The band didn’t disappoint me in the slightest and I was pleased that they haven’t lost it or gone soft after being on the road for so many years. I was gutted that there wasn’t more folk in to appreciate the fine show that had been on display, but screw those fools because those who saw the band loved them. A good few of the punters didn’t even know who the band was that night and just wondered in off the street to see what was on. All of them stayed through out the gig and made a point of asking me who the band were and why they’d never seen them play before. At least Tubesnake did a great job and entertained those who made the effort to come and I’m sure that through word of mouth the crowd will more than double for them on their next visit.

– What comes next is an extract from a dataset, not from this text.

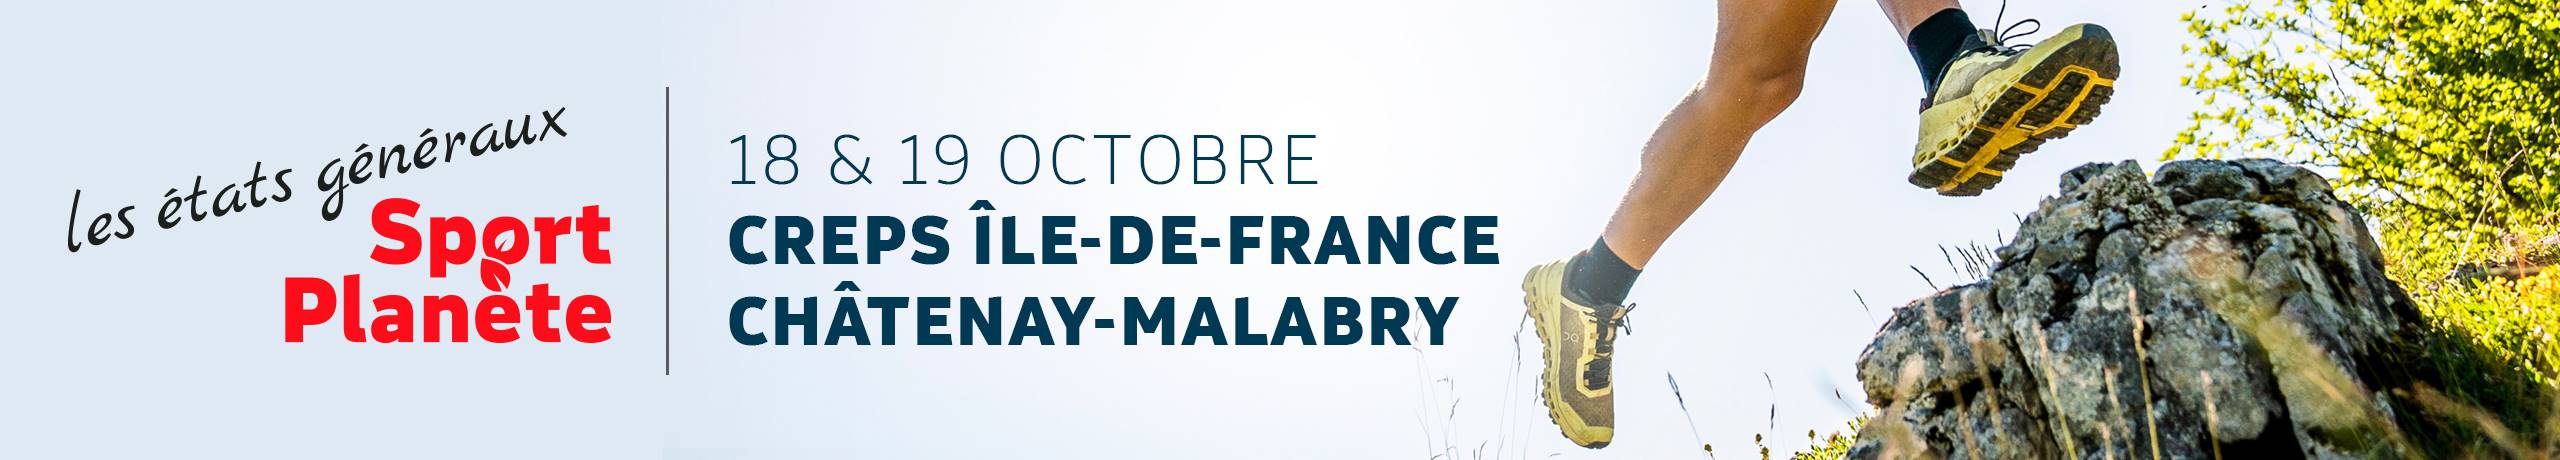 Etats généraux Sport Planète, les 18 et 19 octobre au Creps Ile-de-France, Châtenay Malabry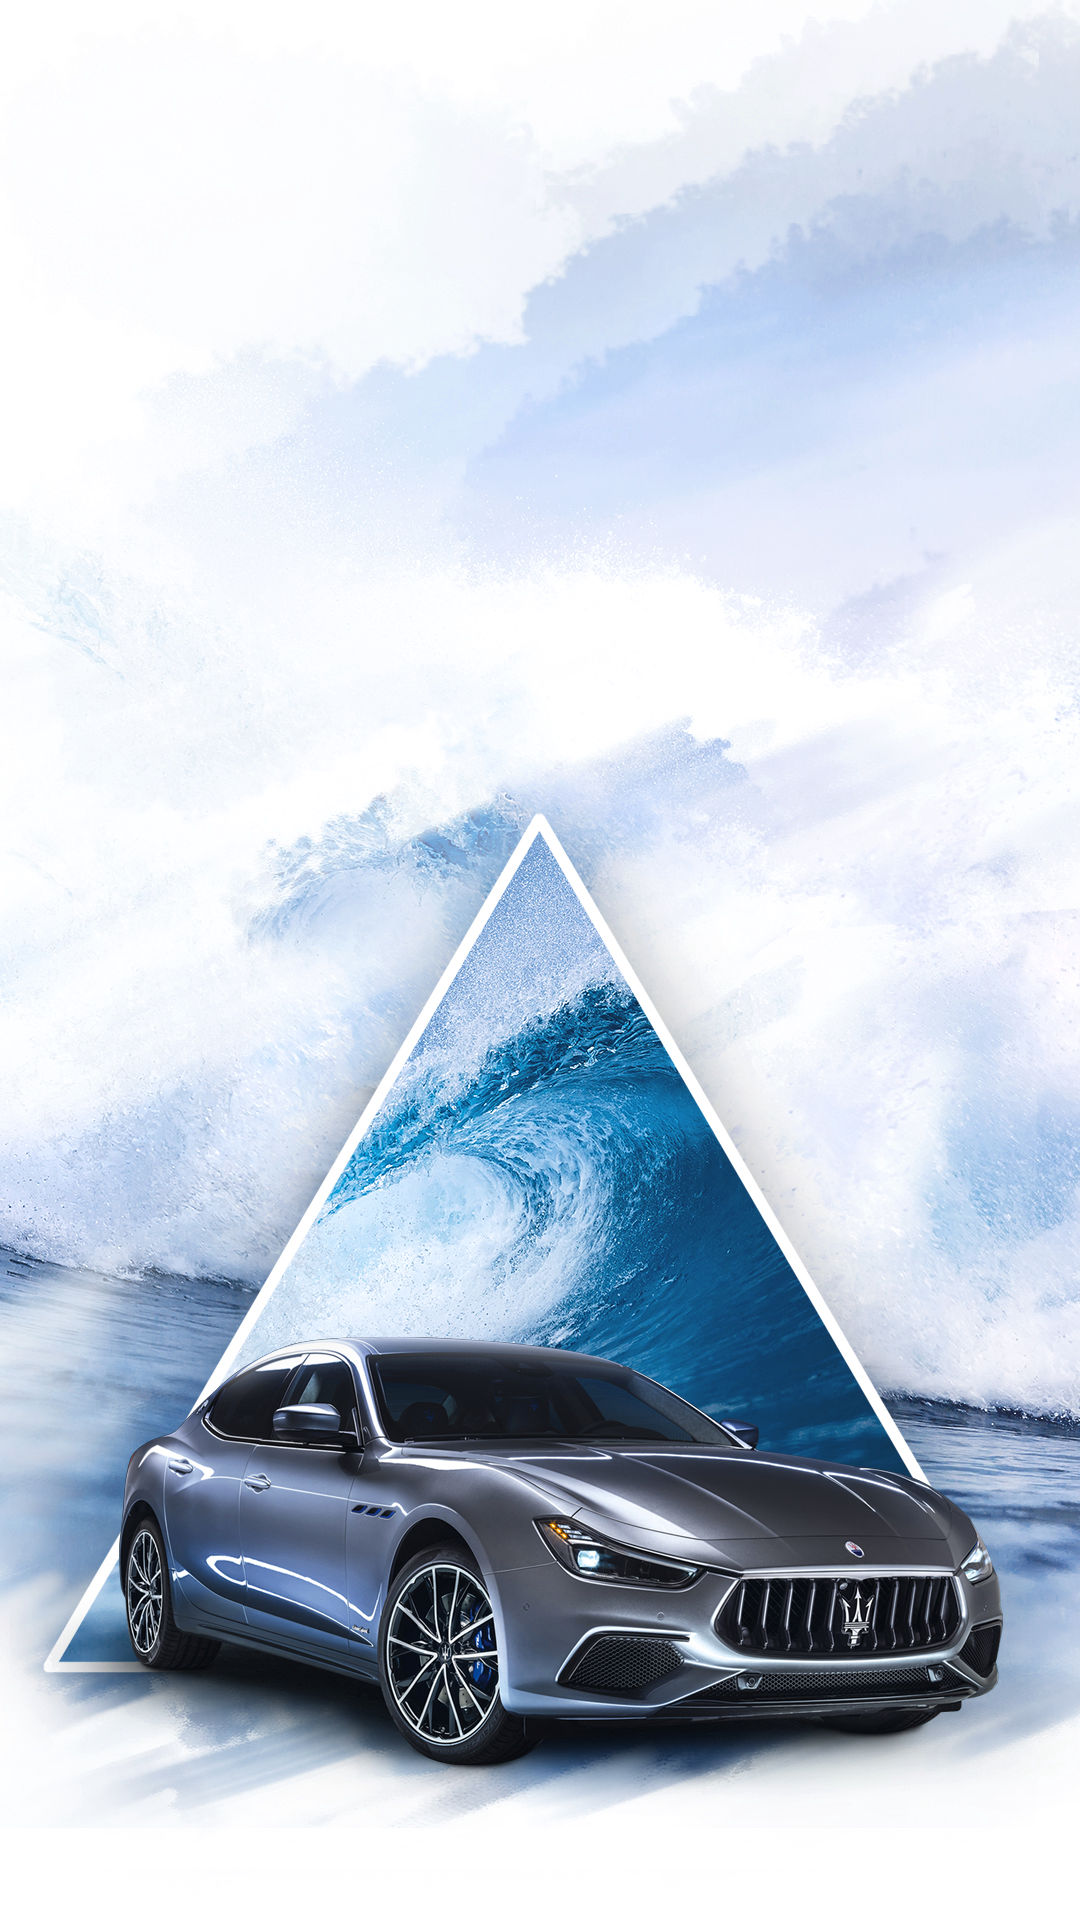 Maserati Ghibli auf dreieckigem Hintergrund mit Meer

Ten years on and still going strong, this band are very good indeed. I was handed a CD at the end of the night by their guitarist Dave and listening to it makes you realise just how talented this lot are. I’m looking forward to having them back here again in the spring and if you want to catch them in the meantime then check out the Riffs listings. Take my word on it and go and see this band play live, you’ll not be disappointed!